К критике в свой адрес он всегда относился с чрезмерным доверием, торопился признать правоту критикующего. Помню, как молодой Игорь Ефимов на какой-то публичной встрече сказал ему что-то вроде: вы вот хвалитесь искренностью, откровенностью, но на самом деле искренность очень трудная вещь, и вы совсем не так уж искренни… Конецкий тут же согласился, хотя прозвучало это в устах Ефимова достаточно грубо — наскоком начинающего на признанного. Да и по сути это было совершенно неверно. Год от году в книгах Конецкого нарастала и нарастала беспощадная к себе откровенность; он не рисовался ею, наоборот — будто нарочно подставлялся обличителям своими героями и их признаниями, способными всякого из них лишить ореола несгибаемого борца. Но борцами наши читатели были давно сыты. И книги Конецкого расходились замечательно — в те времена, когда еще их возможно было купить.

В наших отношениях еще долго царила напряженность. Я чувствовала его расположение ко мне, но Виктор был закрытый человек, тосковавший, мне кажется, по дружбе, но недоверчивый и прикрывавшийся панцирем сурового морского волка. Дружеская открытость давалась ему с трудом, а вернее, и вовсе не давалась. Впрочем, может быть, это было лишь в моем случае, то есть то была скованность в отношениях с женским полом? Кто-то меня услужливо предупредил, что он почти женоненавистник, и я тем более остерегалась «влезать в друзья».

Но как-то все же получилось, что я стала бывать у него дома; помогло, видимо, то, что в его доме была тогда литфондовская поликлиника. И, значит, был предлог зайти. Я познакомилась и с его братом Олегом, и с его обаятельной мамой Любовью Дмитриевной. Виктор, мне кажется, не просто был к ней привязан (хотя они, естественно, время от времени ворчали друг на друга), но и гордился ею — ее мужеством и волей, проявленными в ужасные месяцы блокады и во время эвакуации. С какой любовью он написал о ней в «Ледяных брызгах», превосходной своей книге, составленной по дневникам!

Помню, как однажды по просьбе Виктора мы вместе с Л. Д. пошли в кинотеатр; смотрели знаменитый фильм Клода Лелюша «Мужчина и женщина». Потом долго шли пешком, обсуждая увиденное, и я запомнила горечь, с которой Л. Д. сказала вдруг: «А ведь Виктор давно никого не любит, никого. Это так страшно…»

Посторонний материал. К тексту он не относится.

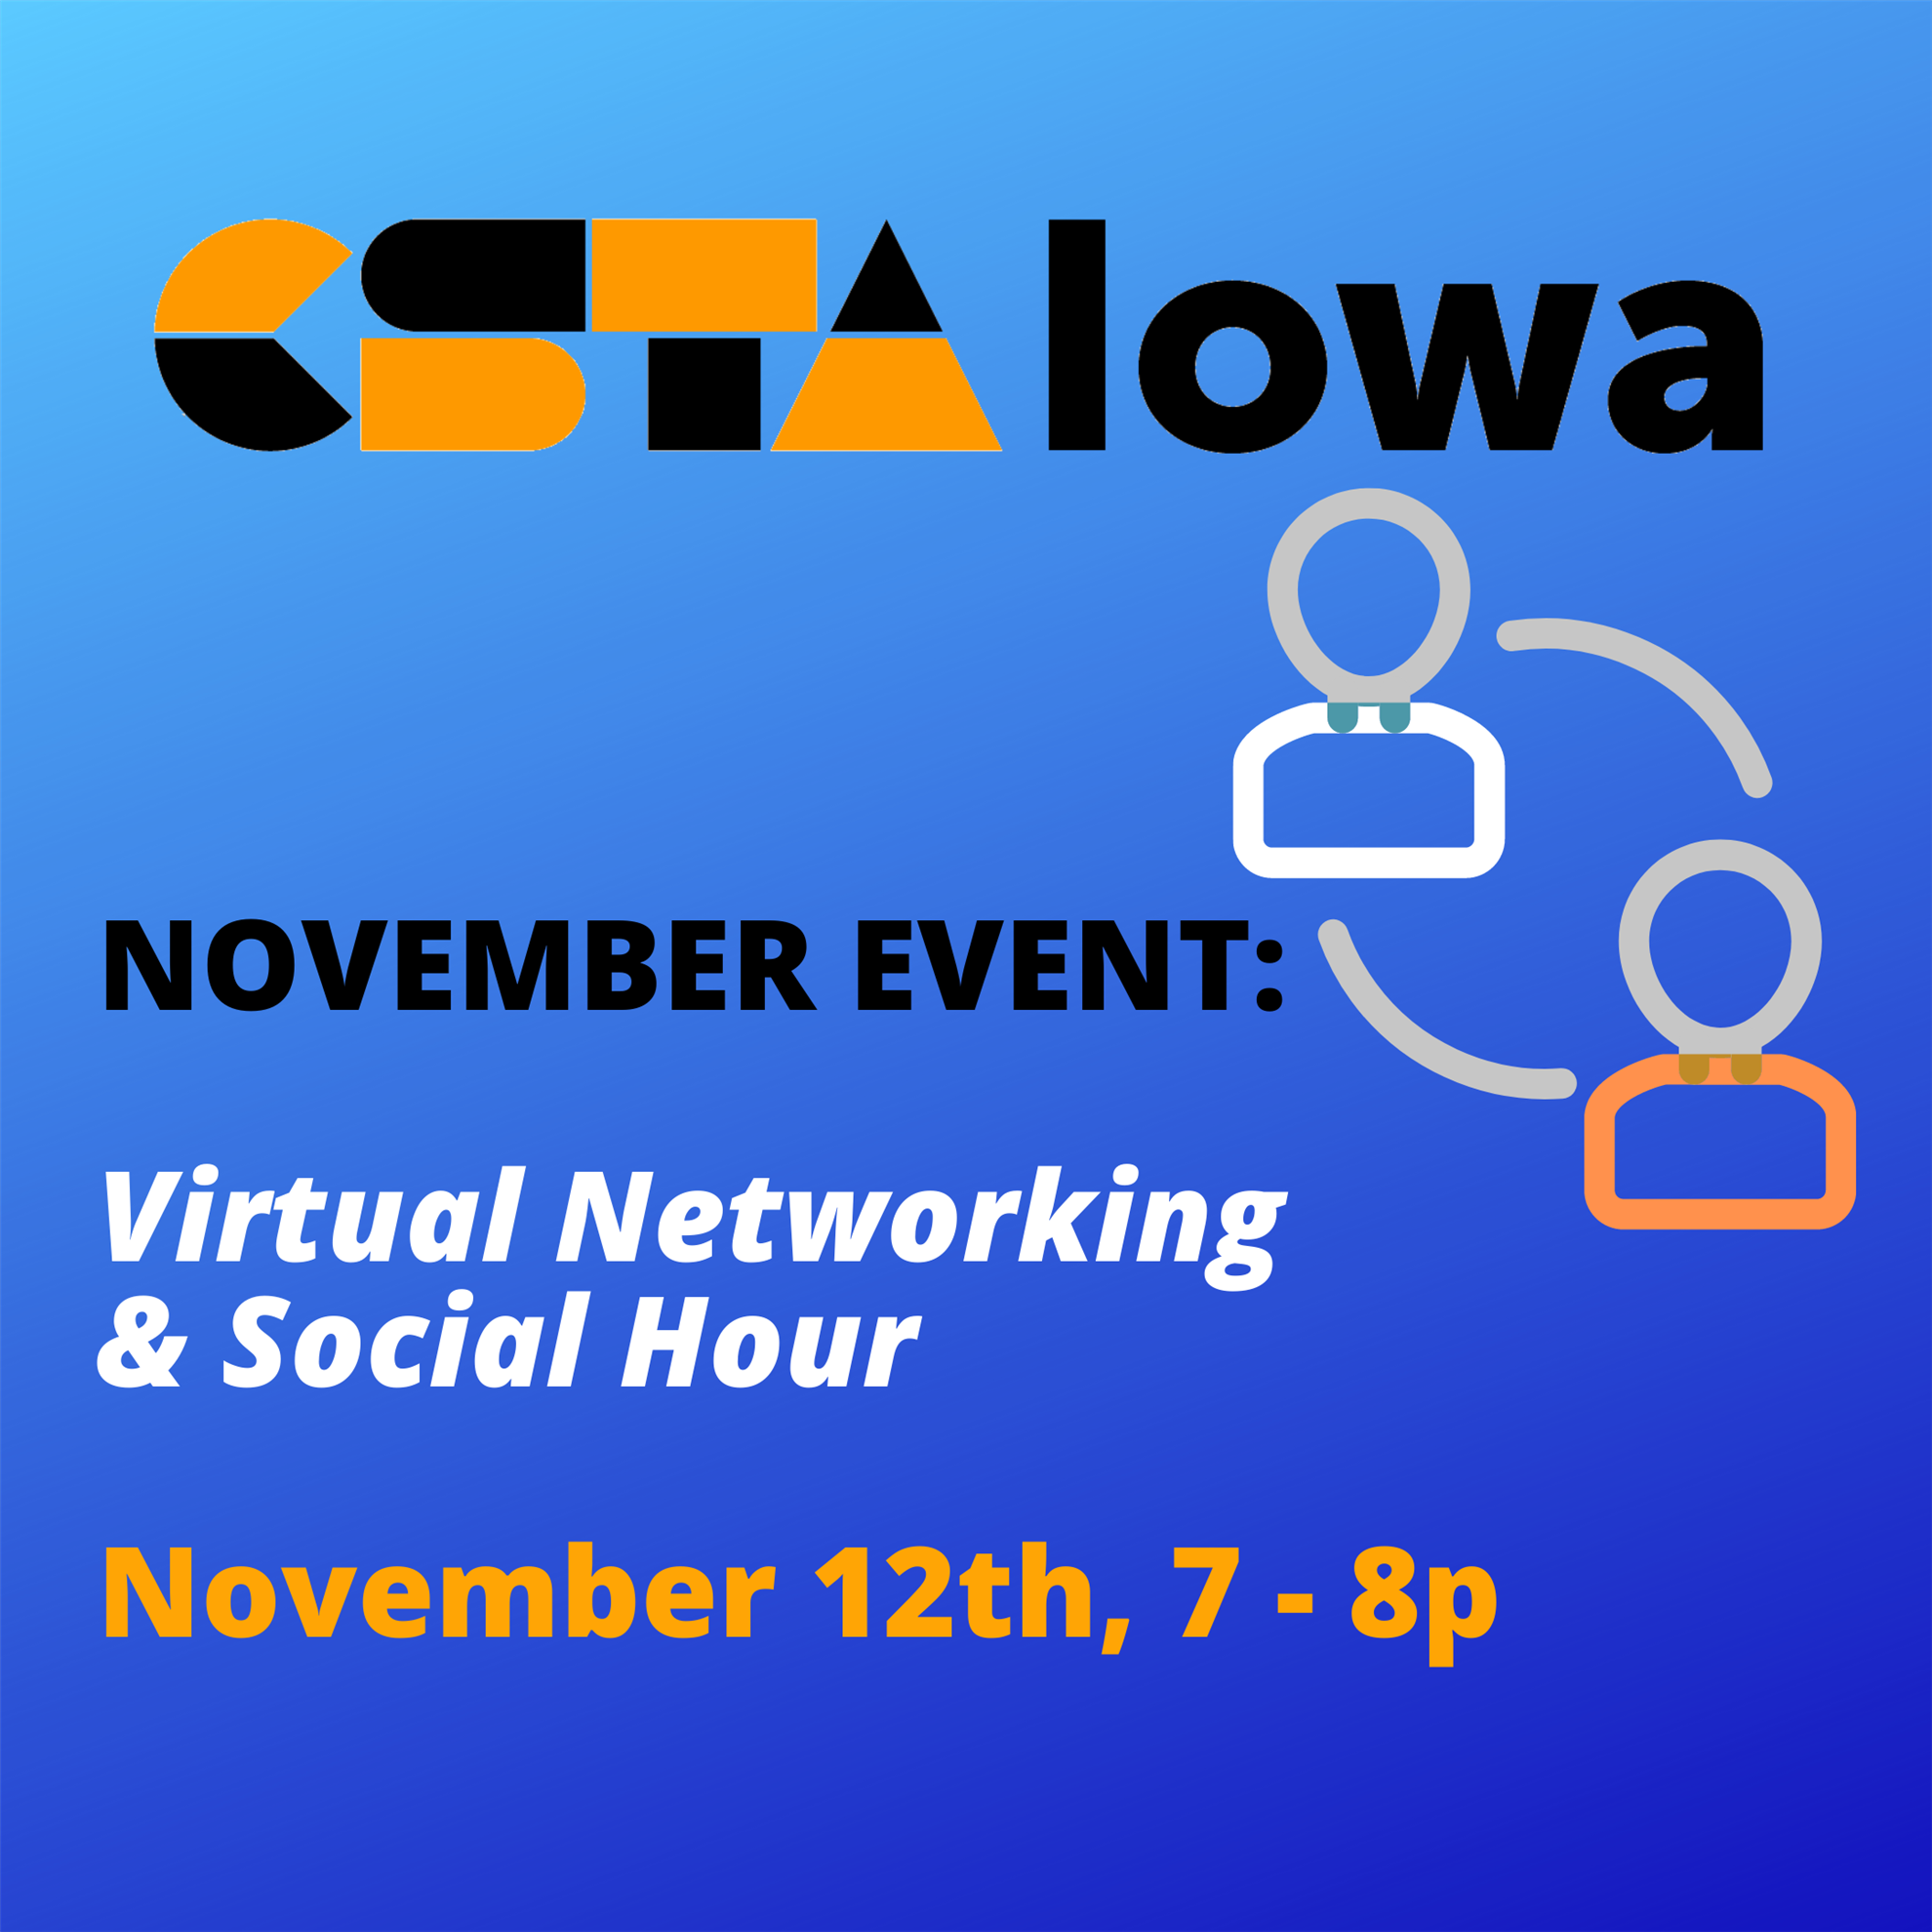 CSTA Iowa November 2020 Virtual Networking & Social Hour (CSTA Iowa)

Просторная комната его была выдержана в морском колорите: карта на стене, модель парусника, рында, компас. Но со временем стены все больше начали заполнять замечательные его акварели — цветы, цветы, пейзажи… Нарядно-радостные, светлые тона акварелей так контрастировали с невеселостью и скептицизмом хозяина! Ибо автора многих искрометно-веселых рассказов и комедийных киносценариев трудно было назвать оптимистом. Он рано начал говорить о своей немолодости, неудачах; не спрашивая меня никогда ни о чем личном, он переносил и на меня сострадание, в котором я, по складу своему (да и по судьбе), редко нуждалась…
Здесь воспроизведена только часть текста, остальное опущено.